JP4 AND JP5 (MODEL 26 CHAIN BAUD RATE)
These two jumpers control the baud rate used by the Model 26 “CHAIN” interfaces when
multiple units are linked together. The baud rates available are 2400, 4800, and 9600.
Normally there are no jumpers installed for JP4 and JP5. A trace on the PCB defaults the
baud rate to 9600. If another baud rate was needed you would cut this trace and install
jumpers in the appropriate positions.
20
025-9158L
Hardware Jumper Settings
JP6 (MODEL 26 CHAIN TERMINATION)
JP6 selects the termination resistance for the “CHAIN” interfaces. The “CHAIN”
interface is used to link together multiple dispatch positions. There are three positions for
this jumper:
Position A = Unterminated CHAIN Interface
Position B = Terminated CHAIN Interface
No jumper = Same as the Unterminated position
All positions except one should be unterminated (A). Usually the primary position is
terminated (B) and all of the secondary units are unterminated (A).
JP7 (MICROPROCESSOR MODE SELECT)
This jumper should never be installed. It is for factory use only.
JP8 (COR INPUT POLARITY)
JP8 selects whether or not the RX COR input (J13-5) is pulled-up or pulled-down
through a 10kΩ resistor, or is floating. There are three positions for this jumper:
Position A = Selects a floating input
Position B = Sets input to be pulled-up to 12 Vdc
Position C = Sets input to be pulled down to ground
If the Model 26 is connected to a radio that provides a COR output signal via a contact
closure, then JP8 should be in position B. If the COR signal is a voltage source, this
jumper should be in the A position (floating).

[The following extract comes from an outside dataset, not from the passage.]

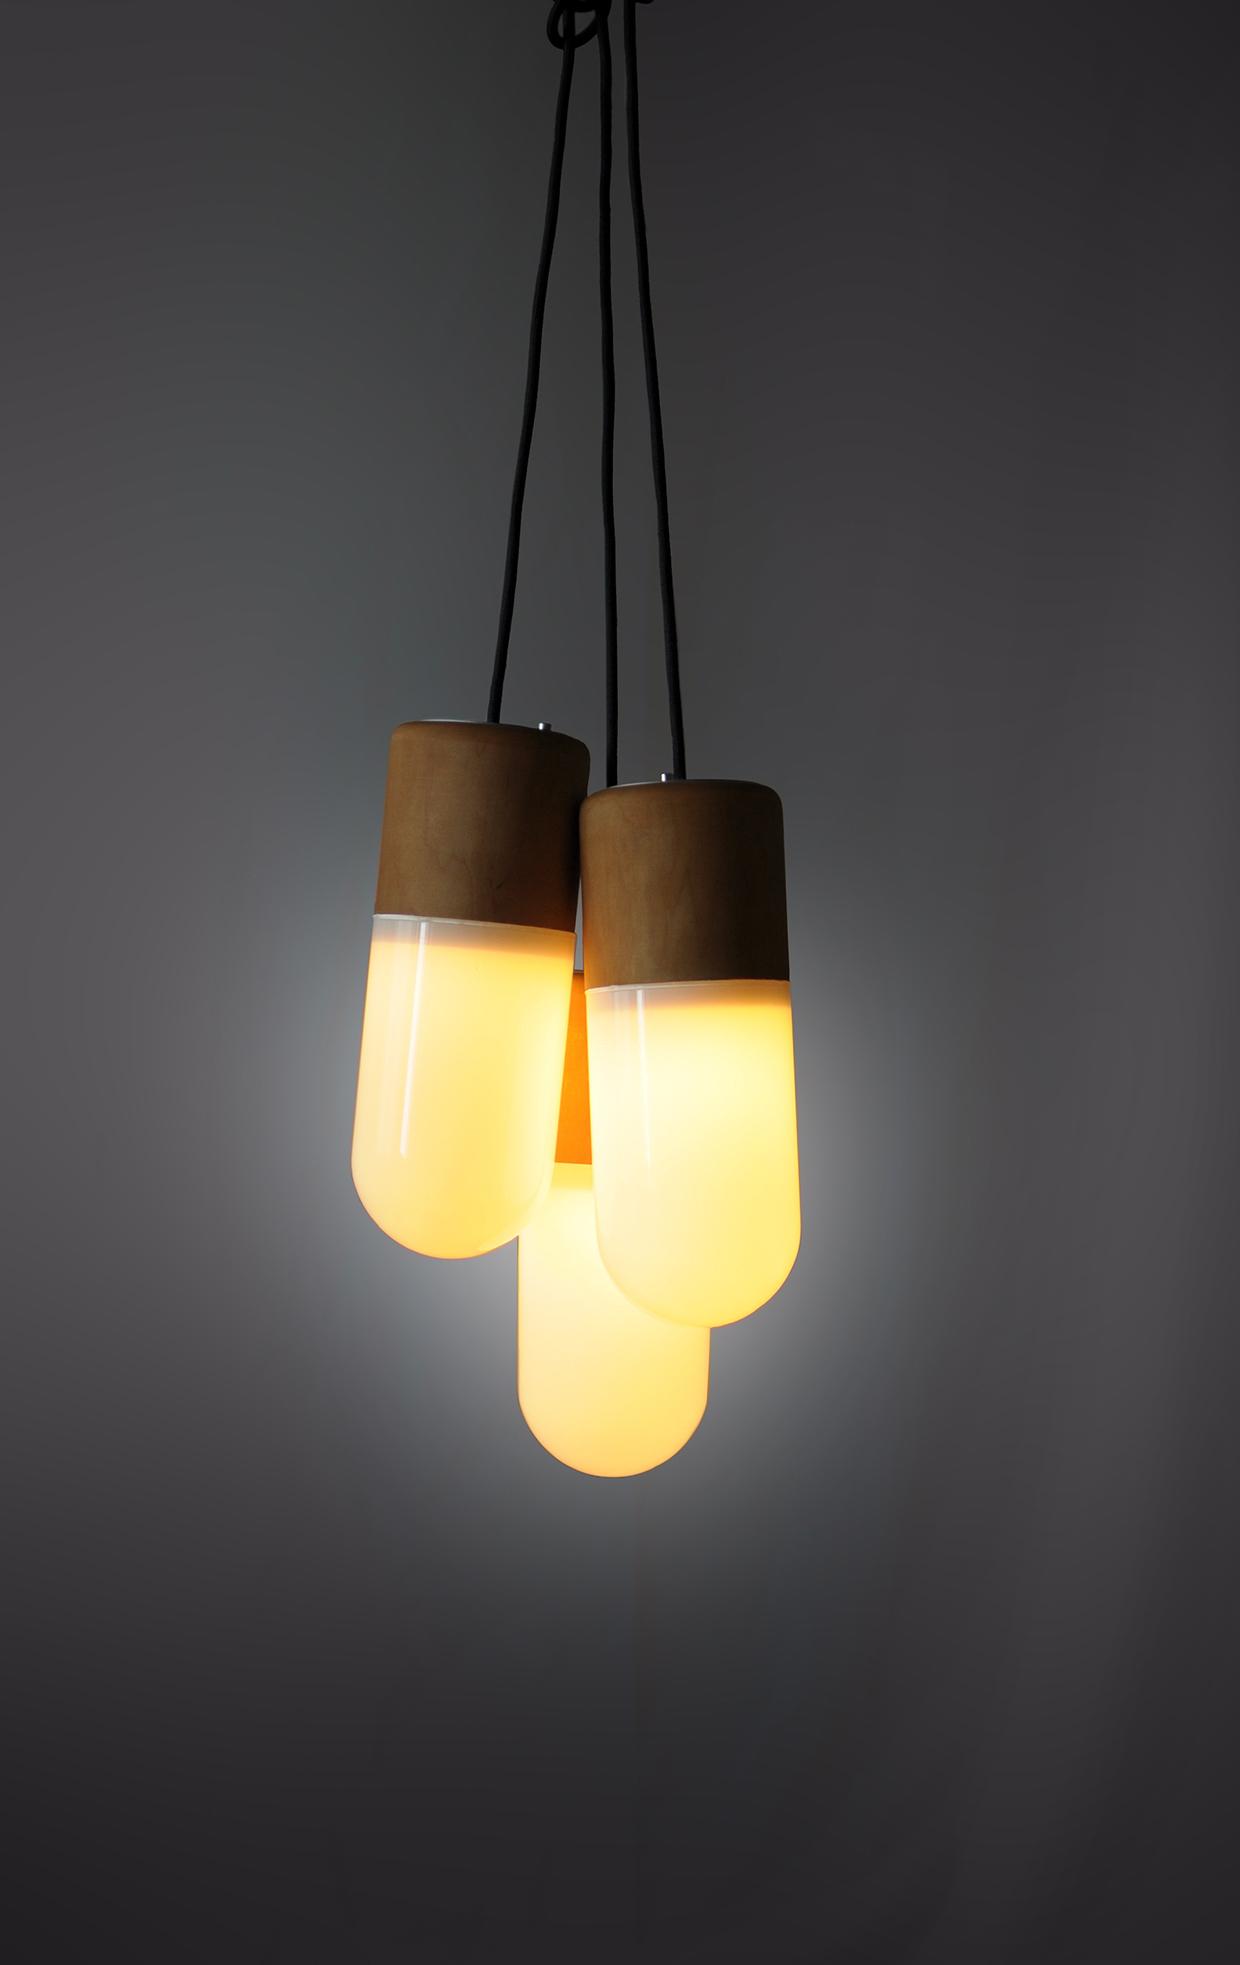 pigulka-lamp-hisheji (11)

If the Model 26 is connected to a radio with no COR output or is connected to a wire line,
then the VOX circuit should be used to detect channel availability. In either case, JP8
must be in the B position (pulled-up) to prevent the RX COR input from interfering with
the VOX signal (refer to the JP3 description).

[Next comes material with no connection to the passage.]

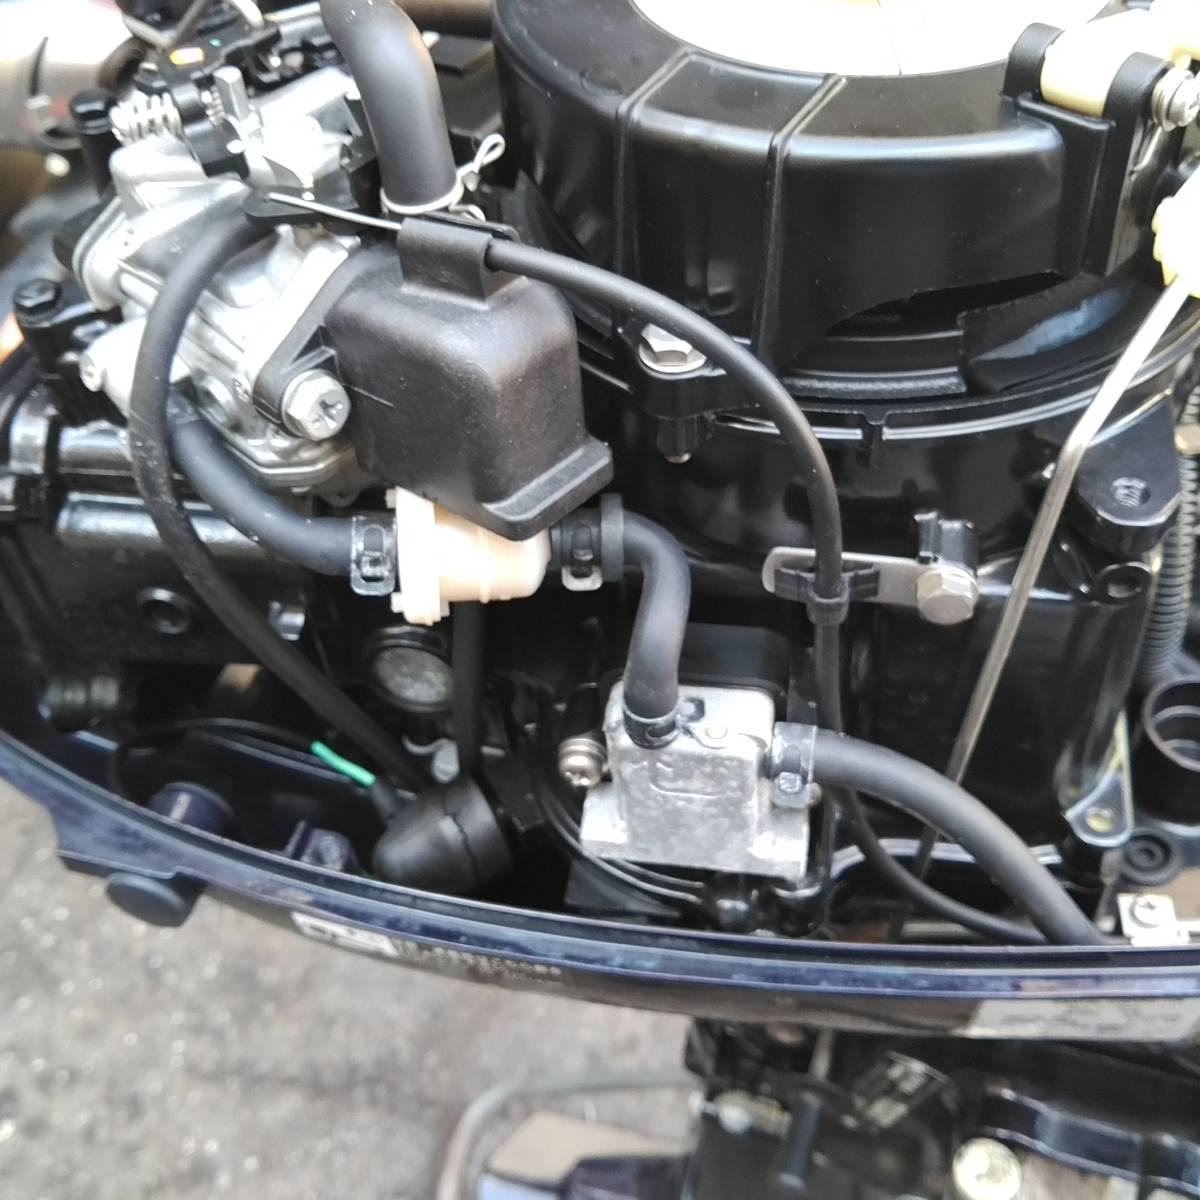 トーハツ6馬力 4サイクル _画像5

If the Model 26 is connected to a trunked radio system, the RX COR input is needed for a
grant signal from the radio. If the grant signal is active low, then JP8 should be in the B
position (pulled-up). If the grant signal is active bi-polar (e.g. ±10V), then this jumper
should be in the A position (floating).
21
Installation
JP9 (4 WIRE RCV IMPEDANCE)
This jumper selects the impedance of the 4-wire receive audio input. There are three
positions for this jumper:
Position A = Selects 600Ω
Position B = Selects 10 kΩ
No jumper = Selects 10 kΩ
JP9 should be in the A position (600Ω) if there is only a single Model 26 in the system. If
there are additional Model 26s and they are connected in parallel to the primary Model
26, then the primary Model 26 should have JP9 in the A position and all other Model 26s
should have JP9 in the B position (10 kΩ).
JP10 (FFSK OUTPUT RANGE)
JP10 selects between three different output signal ranges for FFSK transmissions. There
are four conditions for this jumper:
Position A = TEL is the middle output level. This level is for wire line
interfacing.
Position B = PWR is the highest output level. This level is not typically
required provided the “end-to-end” loss is within specification.

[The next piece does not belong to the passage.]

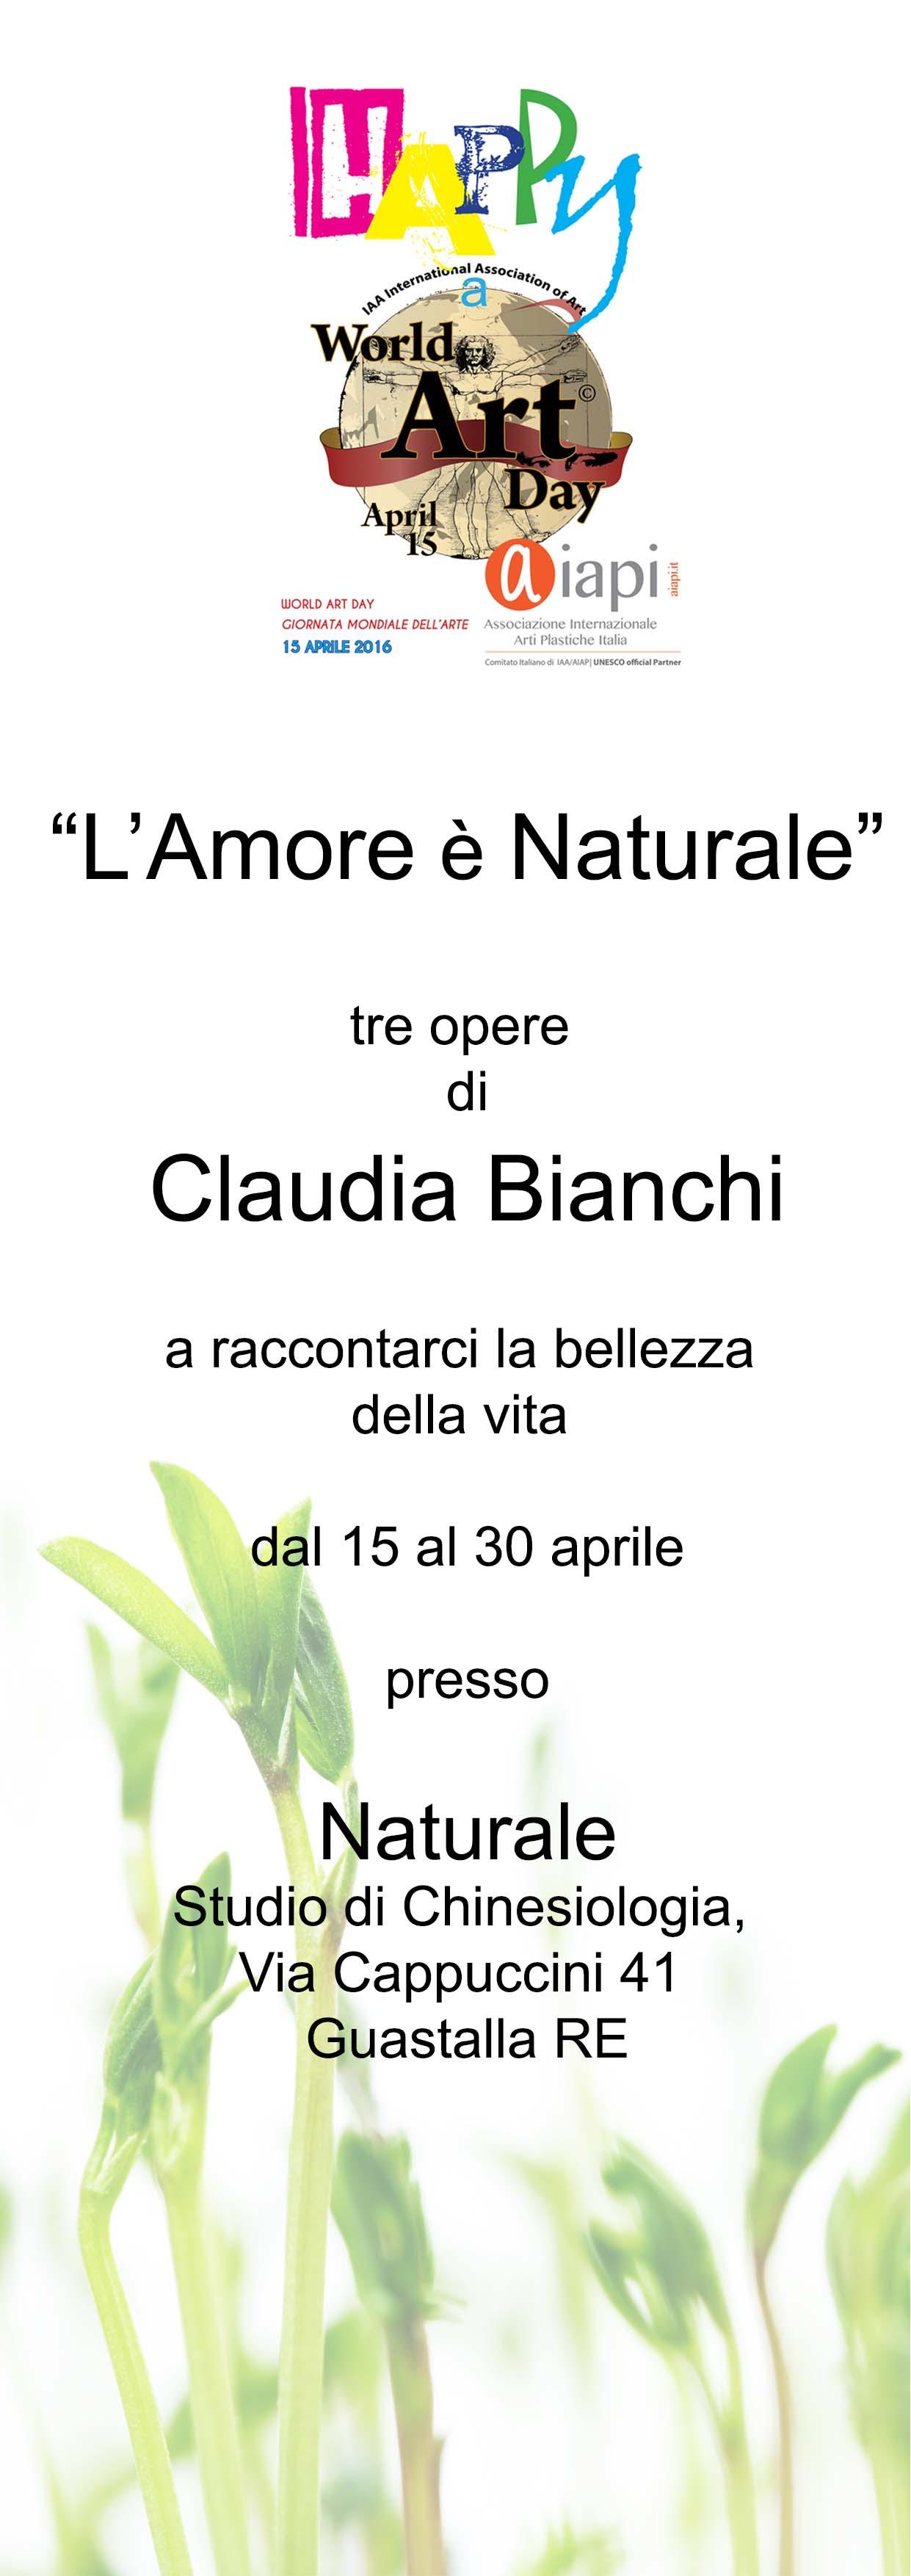 CLAUDIA BIANCHI AIAPI

Position C = RAD is the lowest output level. This level is for radio interfacing.
No jumper = This condition produces the same result as the “TEL” position.
If the Model 26 is operating over a wire line communication link with the Model 6s, JP10
should be in the TEL position to allow for a 1 Vp-p output signal. If the Model 26 is
interfaced with a radio, JP10 can be placed in the RAD position to provide lower output
levels.
JP11 (2 WIRE RCV IMPEDANCE)
JP11 selects the impedance of the 2-wire receive audio. There are three positions for this
jumper:
Position A = Selects 600Ω
Position B = Selects 3.3 kΩ
No jumper = Selects 3.3 kΩ
JP11 should be in the A position (600Ω) if there is only a single Model 26 in the system.
If there are additional Model 26s in a multiple position system, and they are connected in
parallel to the primary Model 26 then the primary Model 26 should have JP11 in the A
position and all other Model 26s should have JP11 in the B position (3.3 kΩ).
22
025-9158L
Option Switch Settings
JP12 (RS232 RXD FUNCTION)
JP12 selects the routing of the Received Data at J7, the serial interface connector for the
CAD/Printer port. There are three positions for this jumper:
Position A = Selects Pin 2 as RxD input (configured as null-modem connection).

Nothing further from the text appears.